L'histoire de la règle majoritaire – c’est-à-dire l’idée que la volonté du plus grand nombre peut être considérée comme la volonté de tous et qu’elle s’impose en cela à la minorité - remonte au Moyen Age et à l’élection des souverains pontifes. Explications avec l'historien Olivier Christin.
- Olivier Christin Historien moderniste, directeur d’études à l’École pratique des hautes études
Il y a quelques mois, le Royaume Uni votait la sortie de l’Union européenne, à la faveur du vote massif des plus de 65 ans, qui engageaient par là leur pays dans un changement radical dont ils subiront a priori moins longtemps les conséquences que les jeunes électeurs, qui eux ont fait massivement le choix opposé.
Il y a quelques mois, un ancien président de la République dénonçait la « tyrannie des minorités » qui lui paraissait s’instaurer en France.
Il y a quelques semaines, le nouveau président des Etats-Unis lançait une nouvelle salve critique contre les faux sondages et la presse, qui auraient menti délibérément selon lui en rappelant que son adversaire dans la présidentielle, Hillary Clinton, avait obtenu près de trois millions de voix de plus que lui.

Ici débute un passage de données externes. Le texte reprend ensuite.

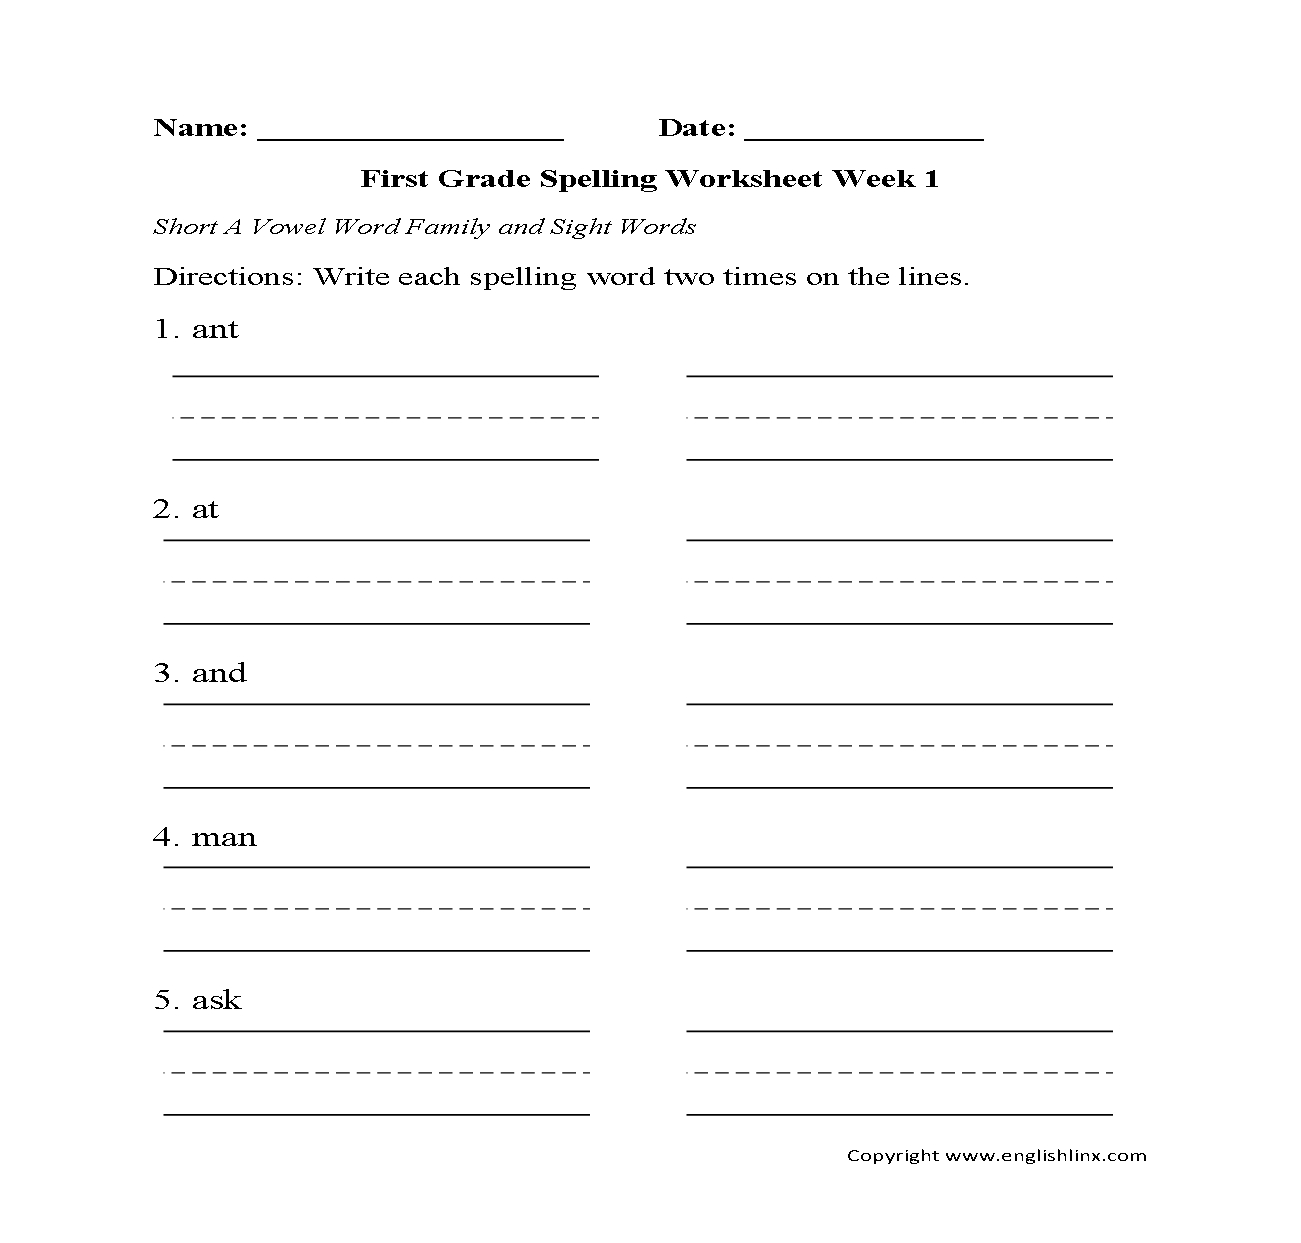 Spelling Worksheets  First Grade Spelling Worksheets Along With Spelling Worksheets Grade 1

A première vue, rien ne relie ces prises de positions véhémentes et ces décisions brutales. Mais elles ont bien en commun de poser la question d’une érosion rapide de la légitimité du principe majoritaire, que l’on peut observer dans les pays occidentaux depuis une vingtaine d’années et avec une acuité toujours plus grande.
La règle majoritaire –c’est-à-dire l’idée que la volonté du plus grand nombre peut être considérée comme étant l’expression de la volonté collective, et en fait comme la volonté de tous, et qu’elle s’impose en cela à la minorité- a une longue histoire, qui remonte au Moyen Age et à l’élection des souverains pontifes. Elle a été au cœur de la modernisation de la politique et de la naissance de nouvelles institutions, comme les Communes ou les Universités. Mais ce n’est au fond qu’à la fin du XIXe siècle qu’elle triomphe partout et avec elle une série de principes dont nous sommes aujourd’hui encore les héritiers : un homme égale une voix ; toutes les voix se valent, celles des puissants comme des anonymes ; on peut donc les additionner et de cette addition résultent clairement une majorité et une minorité. Ces principes ont depuis un siècle semblé constituer l’un des fondements solides et incontestables des démocraties modernes et nombre d’hommes politiques ou de savants les ont célébrés comme tels.
Mais depuis une vingtaine d’année, les critiques et les interrogations se multiplient. La règle majoritaire ne condamne-t-elle pas éternellement les minorités au silence ? Ne les fait-elles pas tout simplement disparaître de certaines assemblées et de la représentation nationale là où elle s’applique rigoureusement, comme dans les élections législatives françaises qui aboutissent à une chambre presque sans ouvriers et sans agriculteurs, sans jeunes et sans députés issus de la diversité, et dans laquelle la représentation des partis politiques est sans rapport avec leur poids réel dans le pays ?
Inventée pour remplacer l’exigence d’unanimité et pour simplifier la prise de décision, ne conduit-elle pas aujourd’hui à creuser de nouveaux clivages et de nouvelles exclusions, comme on le voit dans la position de l’Ecosse, par exemple, subissant les conséquences d’un choix qui n’était pas le sien ?
Les envolées de Nicolas Sarkozy et de Donald Trump, le ressentiment de l’Ecosse, se comprennent dans ce contexte, comme une nouvelle bataille autour de l’idée de légitimité majoritaire et de procédures de vote qui ne répondent plus totalement aux attentes citoyennes d’aujourd’hui.